For Berkshire, it would entail having a pile of cash most of the time, which means you're not really invested in Berkshire that fully, you're mainly going for option premiums, which much of the time would be a lower return.

I guess the biggest problem is knowledge. If you know how to value one or several firms well enough to know what would constitute a good entry price, then there are other better ways to make a buck. Compounding that is that writing a put at a price that would get you a good entry point is going to produce a very low rate of return, potentially for a very long time.
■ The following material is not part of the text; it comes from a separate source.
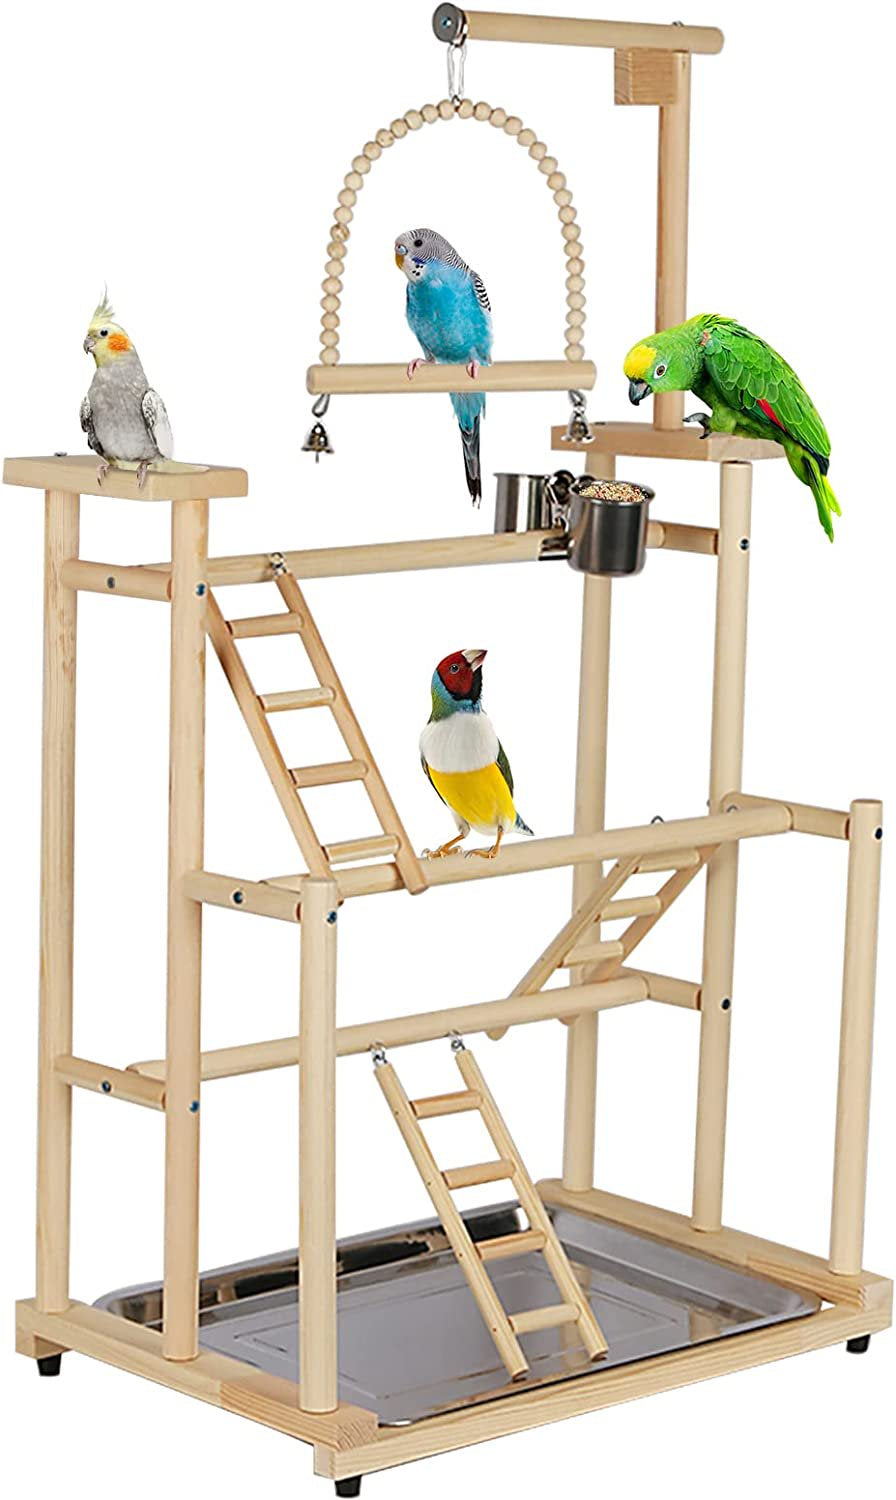 JSHHH 3 Layers Wood Bird Playground Large Parrot Playstand Bird Perch Stand Bird Gym Playground Playpen for Cockatiel Parakeet Parrot (With Installation Notes)
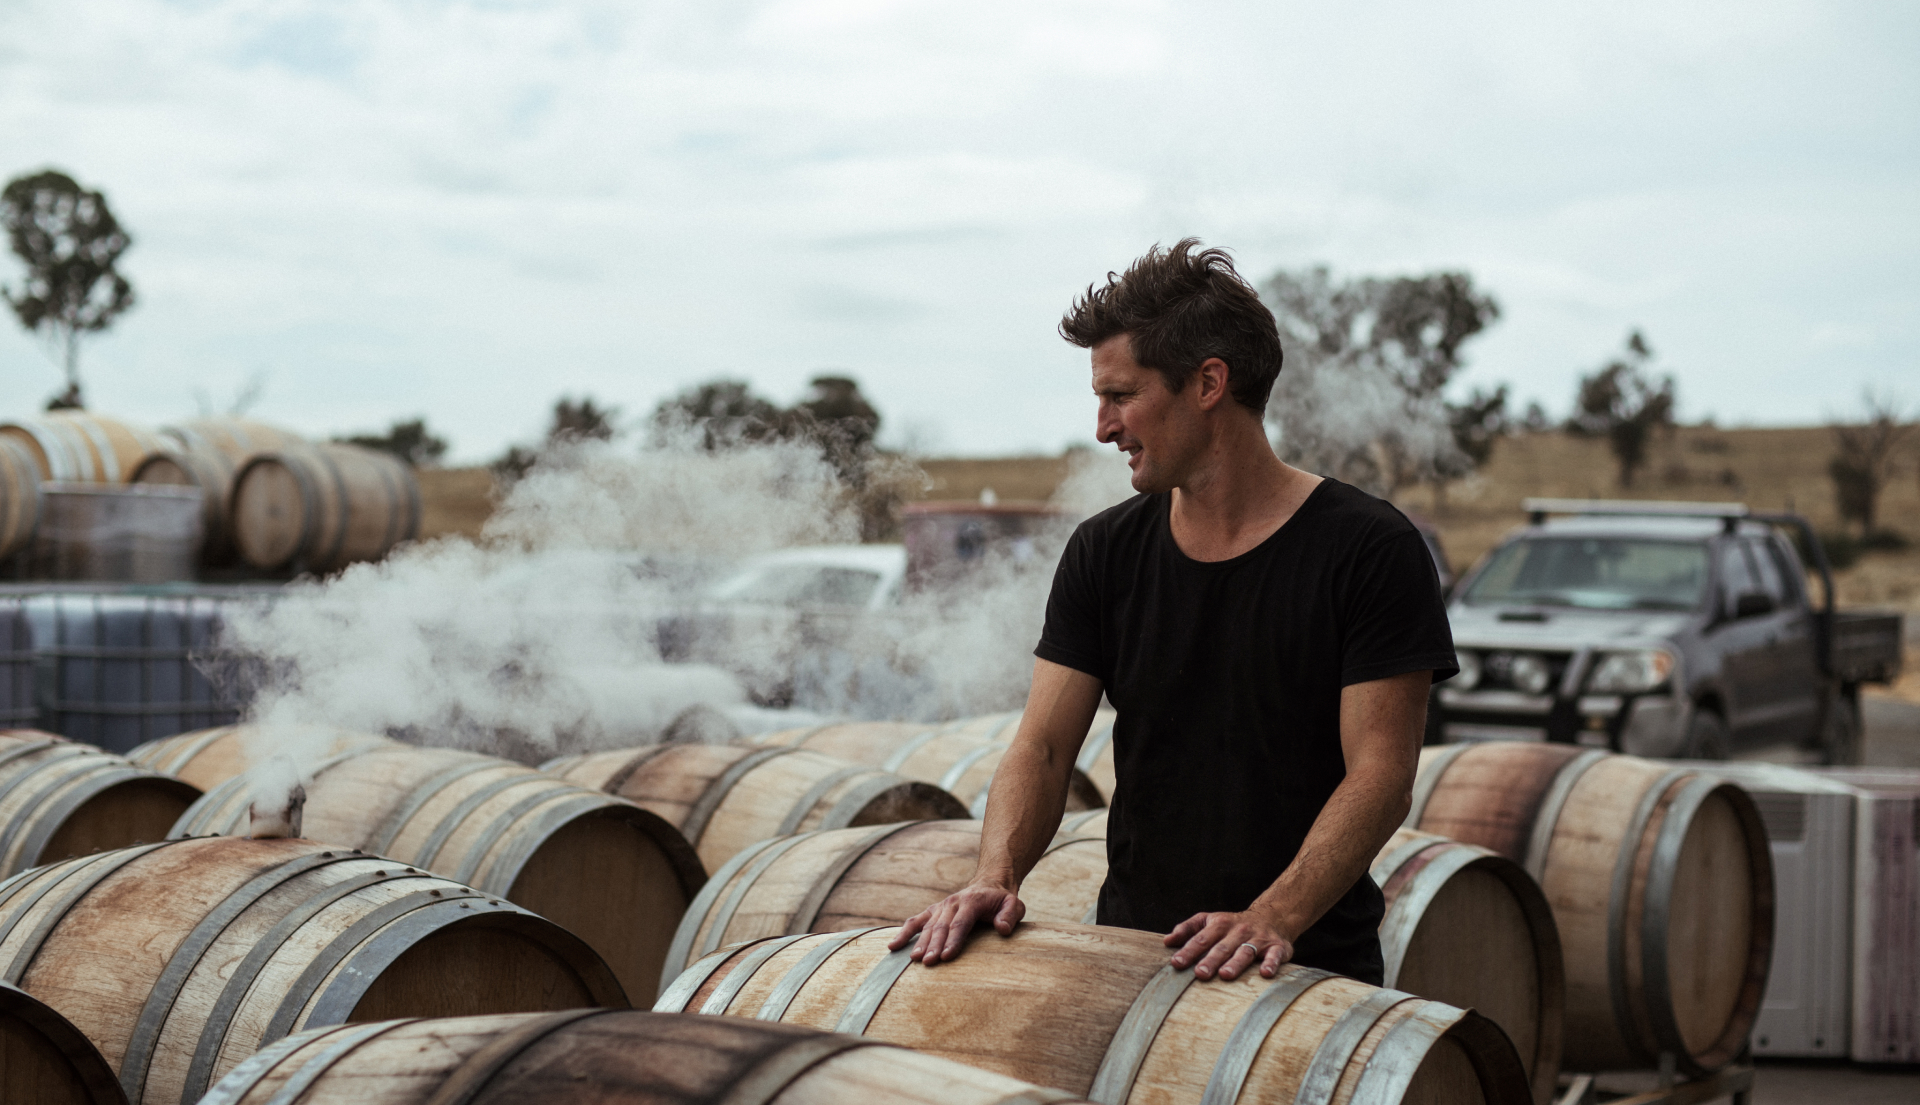 Winemaker standing outside amongst wine barrels that are being steamed.

I did run a related "system" of my own for a long time. (and restarted recently, at a smaller scale). Cash-backed put writing, with modest leverage. Since vanishingly few positions are ever assigned if you're keeping an eye on the positions to make sure they all have passable prospective rates of return, you don't really need $1m in cash to back up $1m in nominal value short puts. Even a small amount of leverage turns a ho-hum return into quite a nice one. I did it only with firms for which I had a reasonably informed opinion of value. It's a good match for "deep value" investing, as when a position takes a long time to turn up in price (or is a permanent value trap) it's actually good for you. I found the return from the portfolio to be roughly half way between [what the underlying stocks were returning] and [10%/year]. The two problems are (a) it's a whole lot of work, and (b) there are times when prices are too high and/or option premiums too low that it just isn't worth while trying. You know this in advance since you can see the prices before you enter positions, but it does mean you have to have something else to do that year.